We currently have an experimental Python API which has been tested with OpenMolcas and Pyscf. Using the PyBind11 library, OpenCAP data structures and methods are exposed to Python, providing the user with direct control over the various parts of the calculation.
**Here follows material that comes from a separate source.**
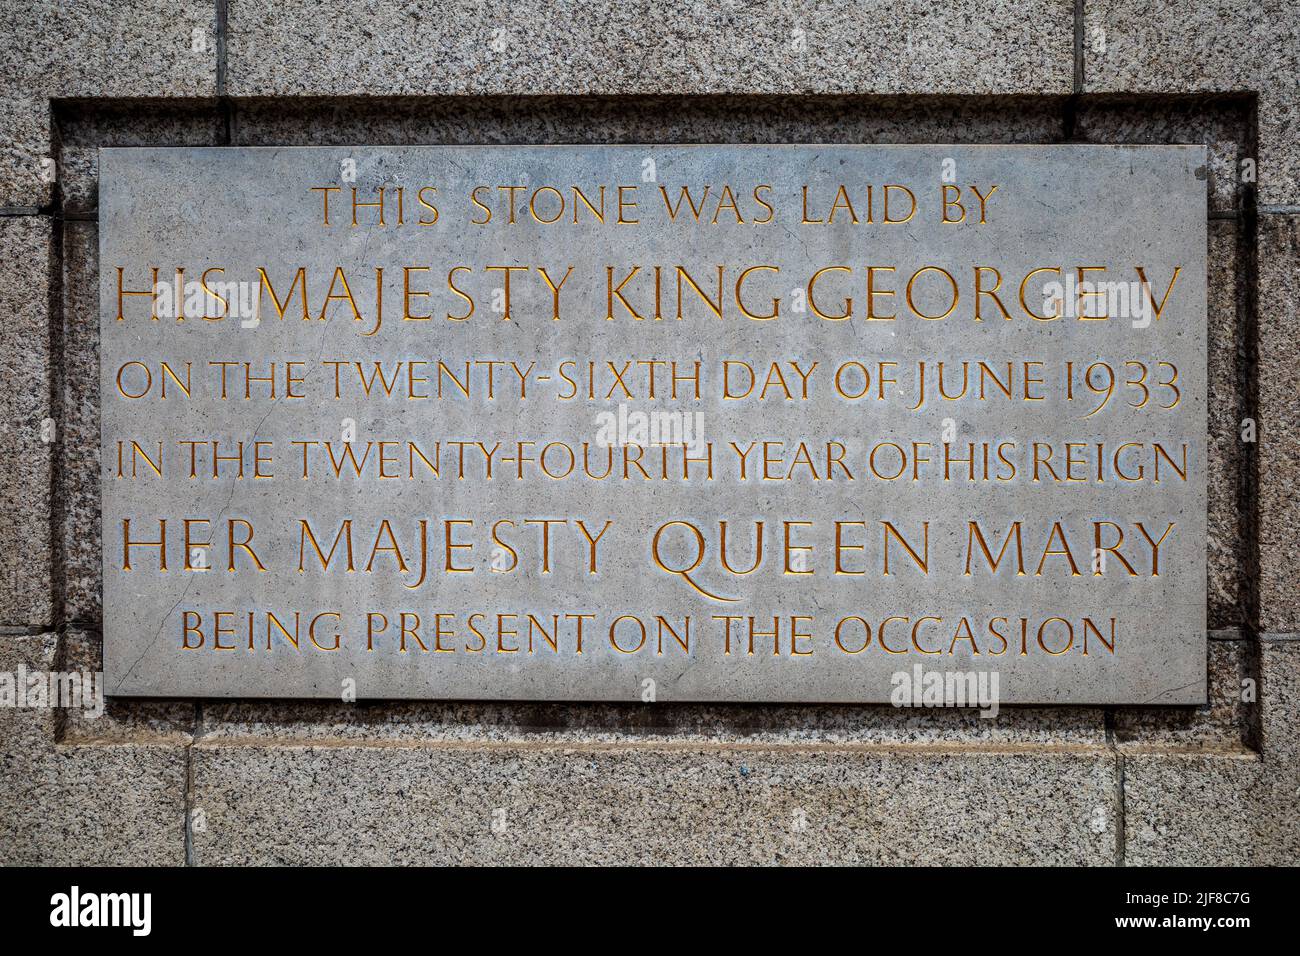 Senate House Foundation Stone University of London - der feierliche Grundstein wurde am 26. Juni 1933 von König George V. gelegt. Stockfoto

After cloning the repository, OpenCAP can be installed as a python module called pycap.

import pycap
sys_dict = {"geometry":    '''N  0  0   1.039
                             N  0  0   -1.039
                            Gh 0  0   0.0''',
            "basis_file":"basis.bas",
            "bohr_coordinates": "true"}

cap_dict = {
            "cap_type": "box",
            "cap_x":"2.76",
            "cap_y":"2.76",
            "cap_z":"4.88",
            "Radial_precision": "14",
            "angular_points": "110"
}
nstates = 10 
package = "openmolcas"
# Defining classes
s = pycap.System(sys_dict)
pc = pycap.Projected_CAP(s,cap_dict,nstates,package)
... 
# Calling methods
pc.compute_ao_cap()
pc.compute_projected_cap()

Transition density matrices can be read from disk, or passed directly in RAM.

# Read data from disk
es_dict = {"method" : "ms-caspt2",
           "molcas_output":"anion_ms.out",
           "rassi_h5":"anion_ms.rassi.h5",
}
pc.read_data(es_dict)
mat=pc.get_projected_cap()
h0 = pc.get_H()

# pass TDM from state 1-->2 directly 
import h5py
import numpy as np
f = h5py.File('anion_ms.rassi.h5', 'r')
arr = f["SFS_TRANSITION_DENSITIES"]
arr1 = np.reshape(arr[0][1],(119,119))
pc.add_tdm(arr1,0,1)

Current Features

  • Optimized numerical integration routines for computing the CAP matrix in atomic orbital basis
  • Compatible with data generated by OpenMolcas, Pyscf, and Q-Chem
  • Support for commonly used Box-type and Voronoi-type CAPs with user specified parameters
  • Support for standard and custom ab initio basis sets specified in Psi4 format
  • Easily modifiable sample scripts for eigenvalue trajectory analysis provided in the repository
  • CMake cross platform build system

Application: \({}^2\Pi_g\) resonance of \(N_2^-\)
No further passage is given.